■ Instructions for the task ■
Leave the pictures out and return every line below exactly.
[Provided data]
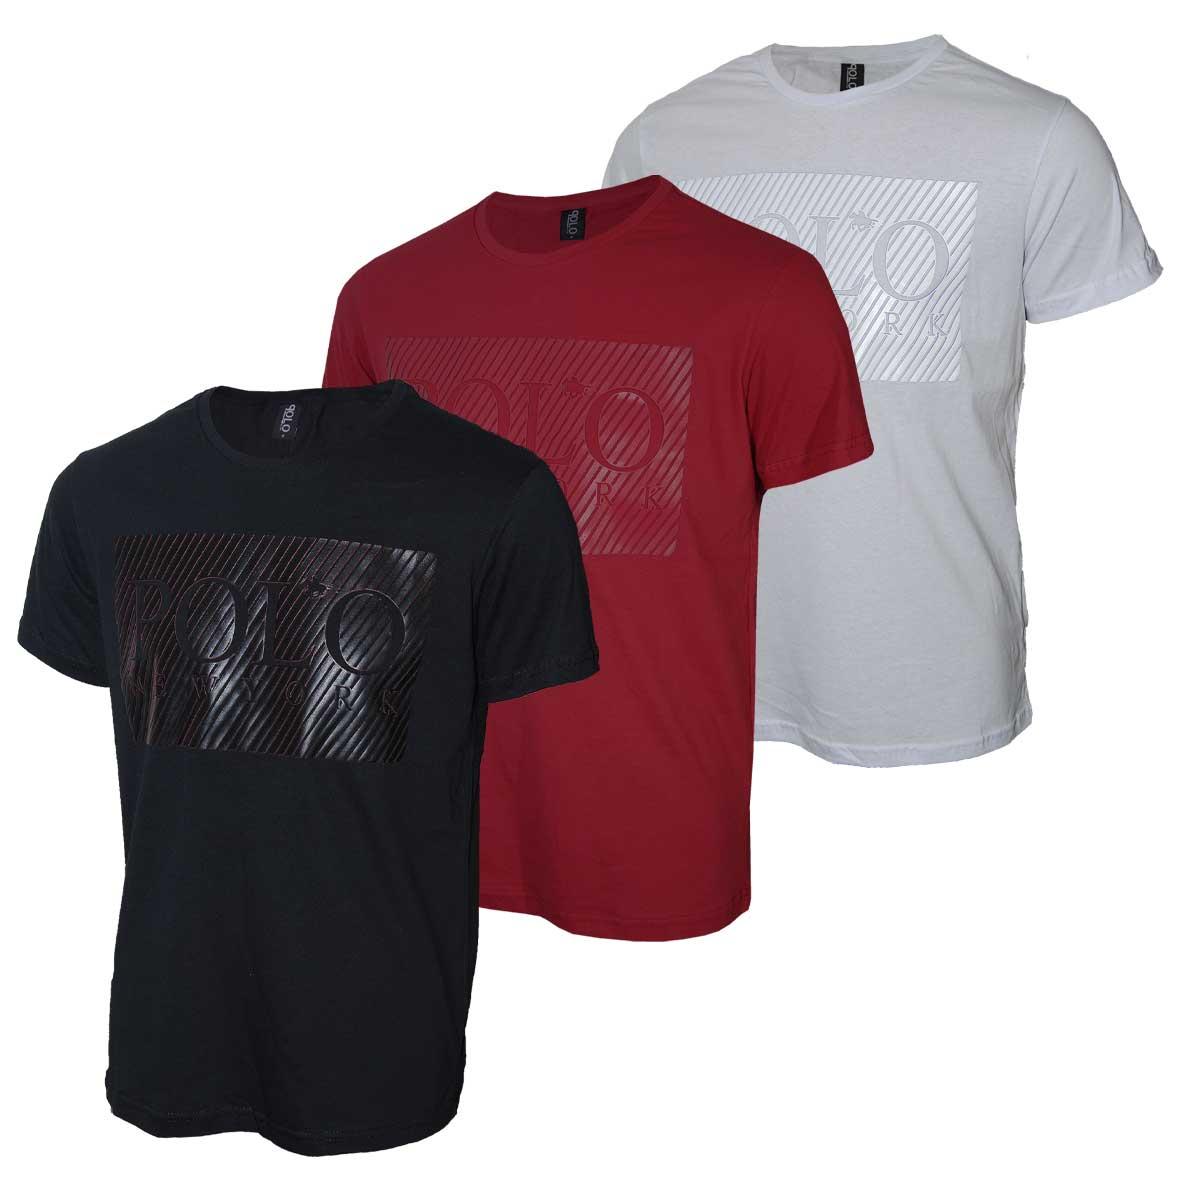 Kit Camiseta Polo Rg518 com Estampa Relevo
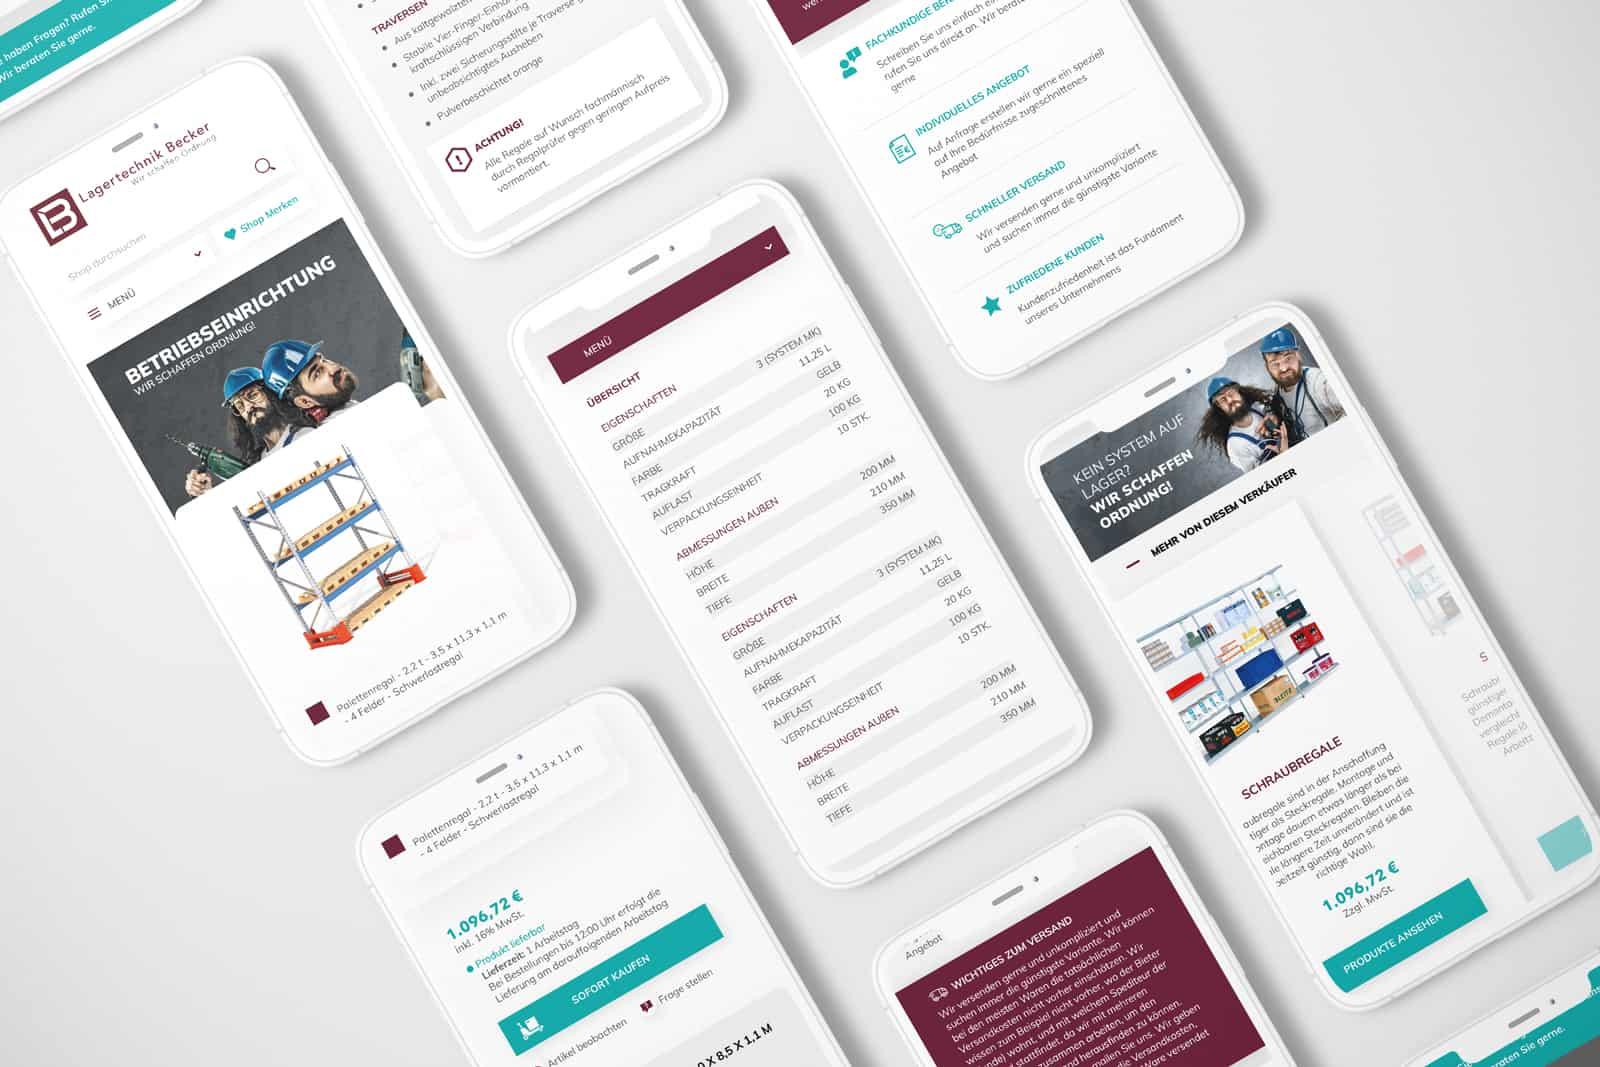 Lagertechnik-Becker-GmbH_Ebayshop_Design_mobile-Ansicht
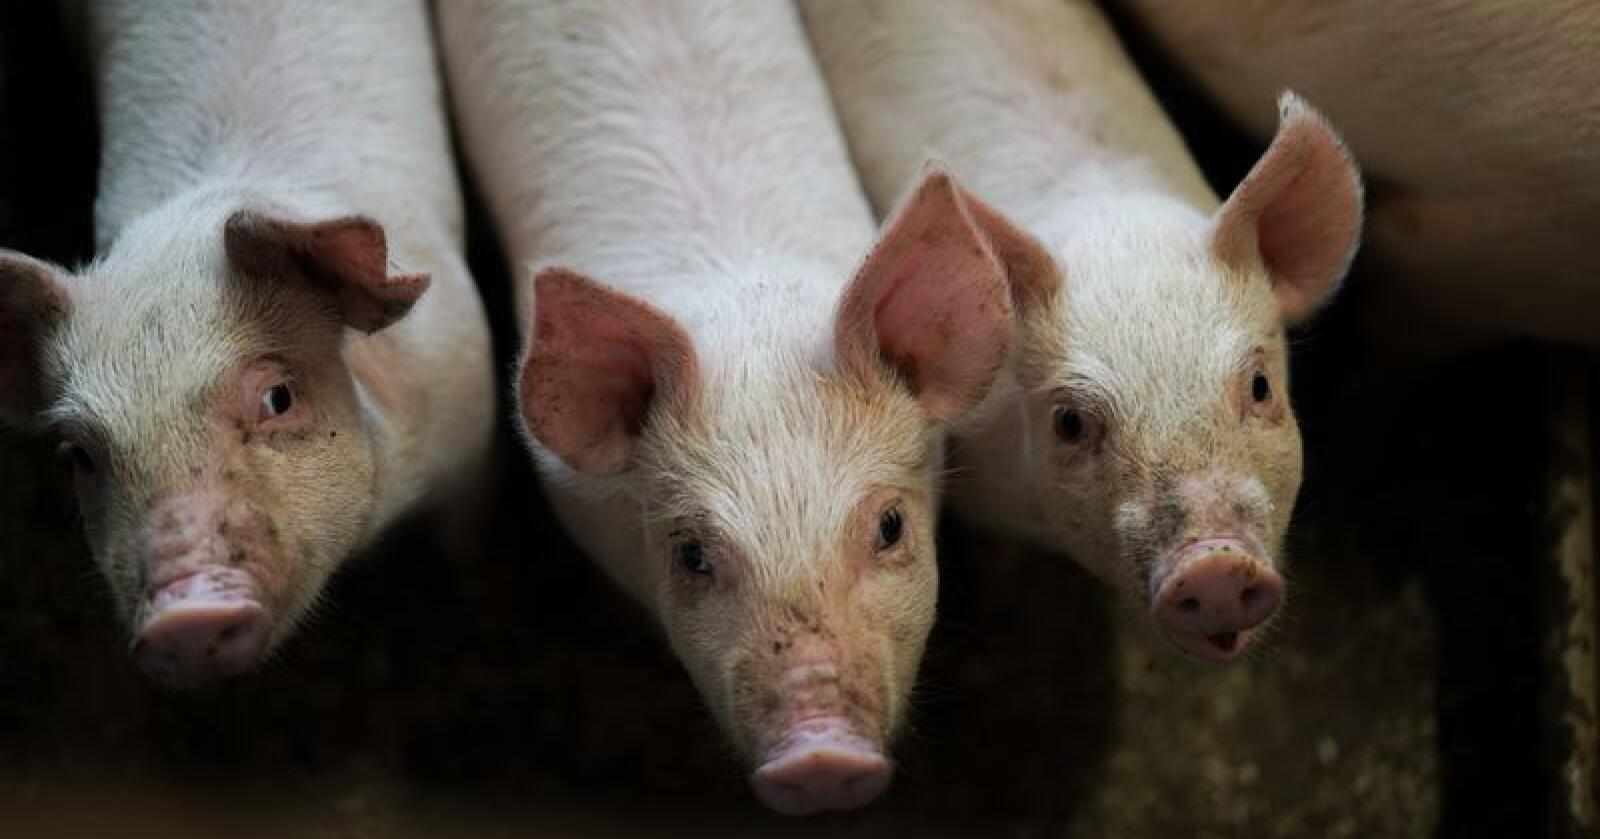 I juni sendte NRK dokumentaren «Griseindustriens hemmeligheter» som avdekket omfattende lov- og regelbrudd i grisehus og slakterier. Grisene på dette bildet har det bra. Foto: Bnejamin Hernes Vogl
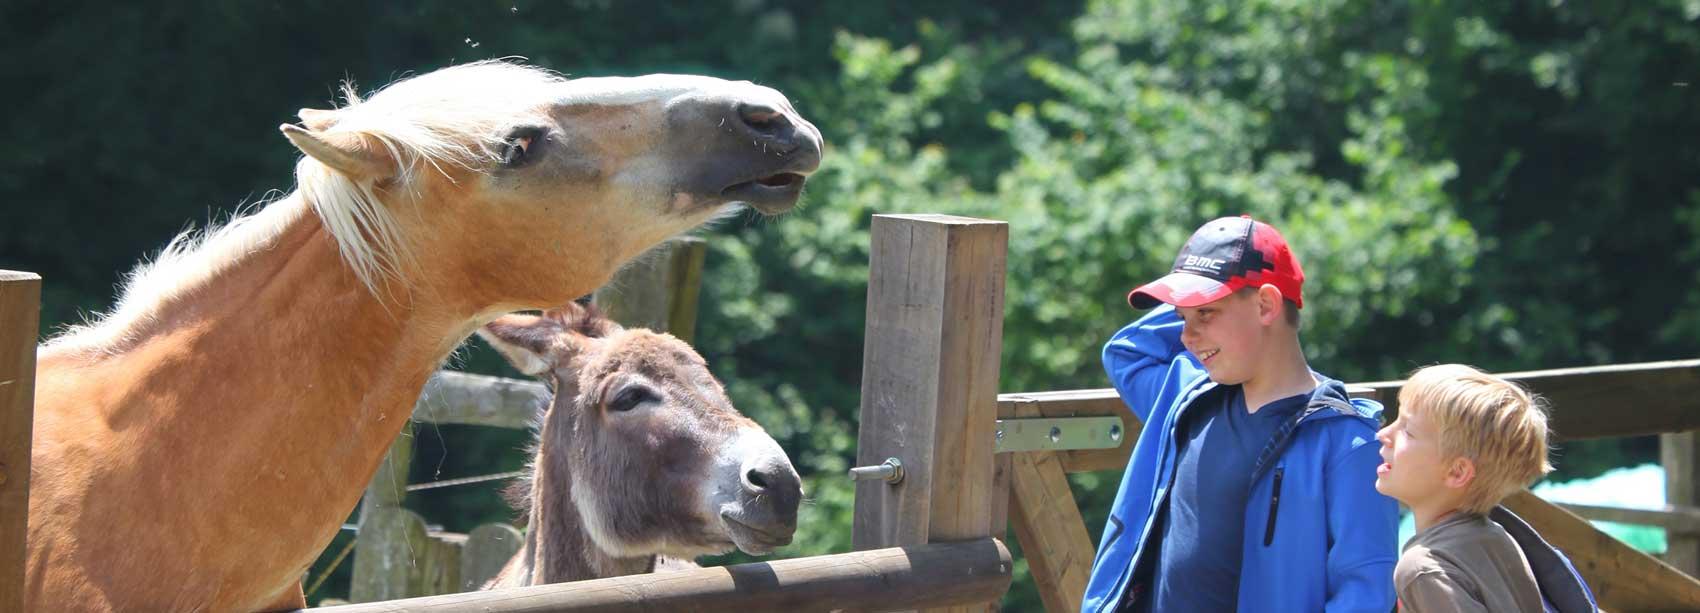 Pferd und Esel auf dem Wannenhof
[/Provided data]
■ Answer section ■
 Kit Camiseta Polo Rg518 com Estampa Relevo
 Lagertechnik-Becker-GmbH_Ebayshop_Design_mobile-Ansicht
 I juni sendte NRK dokumentaren «Griseindustriens hemmeligheter» som avdekket omfattende lov- og regelbrudd i grisehus og slakterier. Grisene på dette bildet har det bra. Foto: Bnejamin Hernes Vogl
 Pferd und Esel auf dem Wannenhof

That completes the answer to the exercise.